In this post, I am going to focus on how the Block data
is stored in Go-ethereum
.
Embedded KV-database
Go-ethereum
uses as the main storage engine an embedded kv database. An embedded database is a database management system that is integrated inside the same application, most often as an imported library and not as a separate external component. Historically, go-ethereum
has used leveldb
but it is in the process of switching to pebbledb
.
A key-value
database stores the data as a set of records each one identified with a unique key. Then, it provides utilities to insert, query, and list range data based on this key. Unlike traditional relational databases, it does not provide a schema and lacks the possibility to create complex queries on top of the data like with SQL.
As a workaround to have complex queries, developers can use the same kv primitives to manually construct ad-hoc indexes to query the data. For example, go-ethereum
stores block headers by its hash (key) but also has kv entries for number→hash to resolve the block by its number (i.e. eth_getBlockByNumber
endpoint).
Indexes
All the objects in leveldb
are stored under the same logical bucket of data. However, since we need to store different types of information, we need to introduce some mechanism to differentiate each set of data.
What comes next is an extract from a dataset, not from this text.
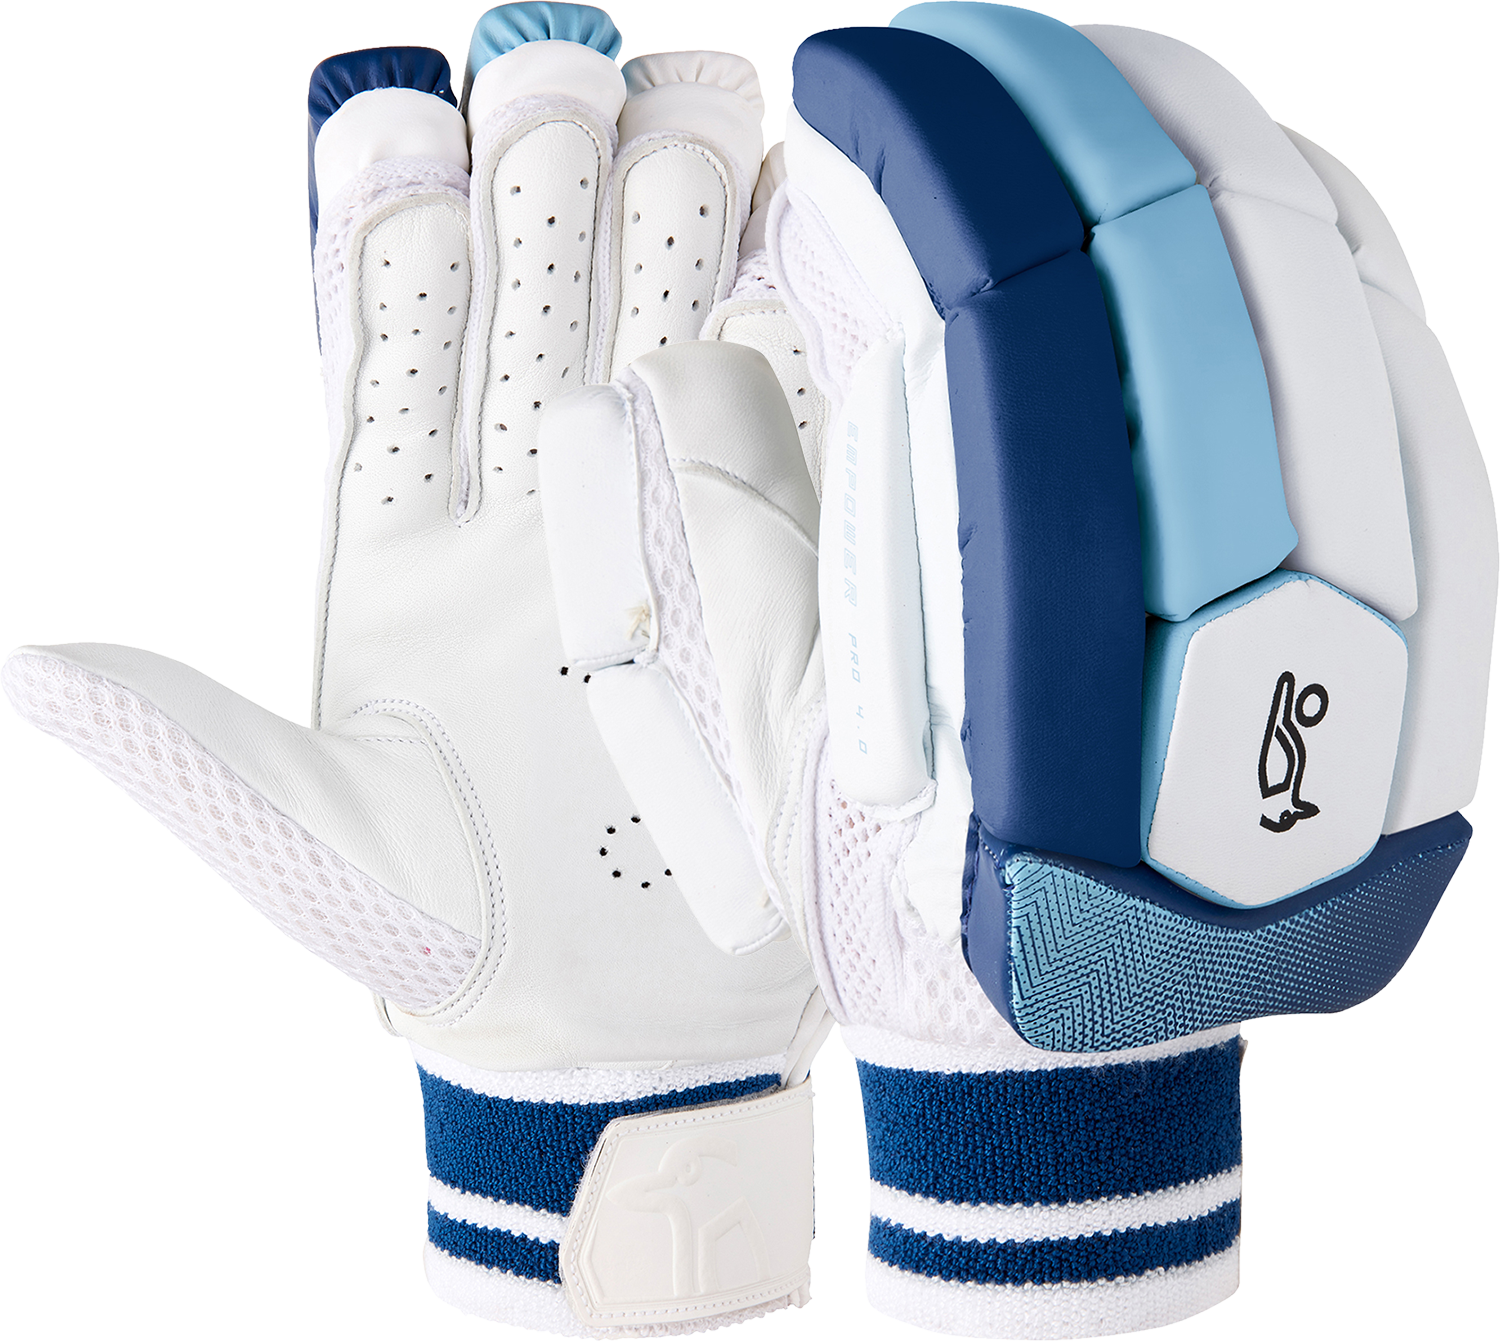 Kookaburra Empower Pro 4.0 Batting Gloves 3A32374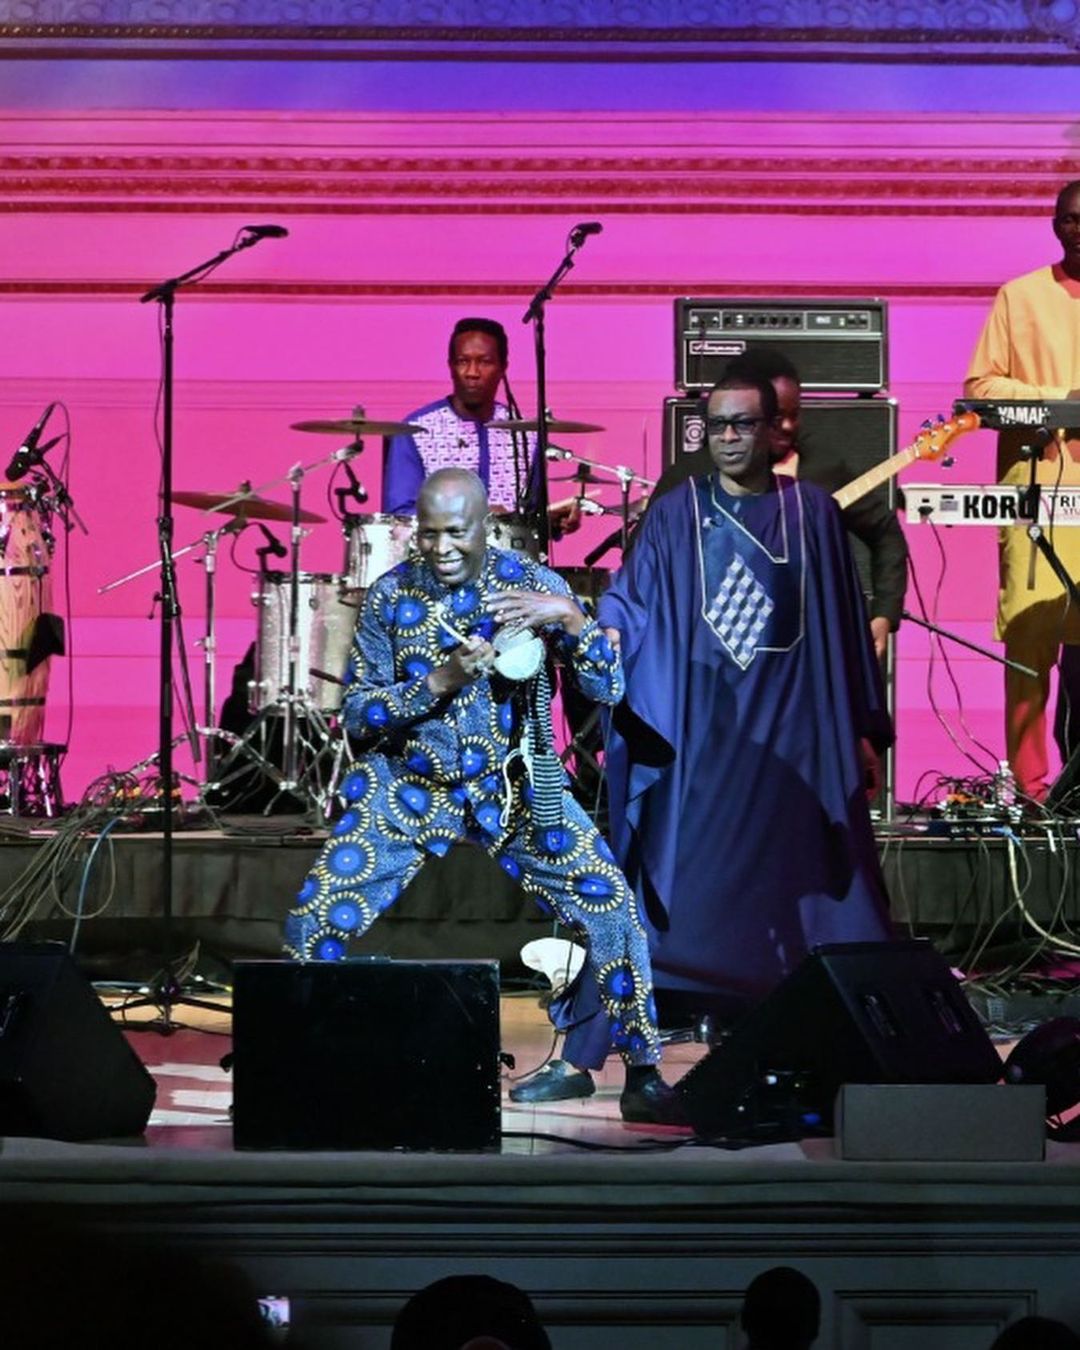 Images / Prestation de Youssou Ndour à Carnegie Hall de New York, vendredi passé

Go-ethereum
uses prefixes and suffixes to namespace the information.
List of raw data stores:
<header_prefix><number><hash>
:<header>
- Stores the block header in RLP format.
<block_body_prefix><num><hash>
:<body>
- Stores the body (transactions and uncles) for the block in RLP format.
<block_receipts_prefix><num><hash>
:<receipts>
- Stores the list of receipts for the block in RLP format.
List of the indexes:
<header_prefix><number><hash><difficulty_suffix>
:<difficulty>
- Maps a block (number, hash) to the total PoW difficulty up to that point.
<header_prefix><number><header_suffix>
:<hash>
- Maps the blocks in the canonical chain to its hash.
<header_number_prefix><hash>
:<number>
- Reverse index from block hash to number.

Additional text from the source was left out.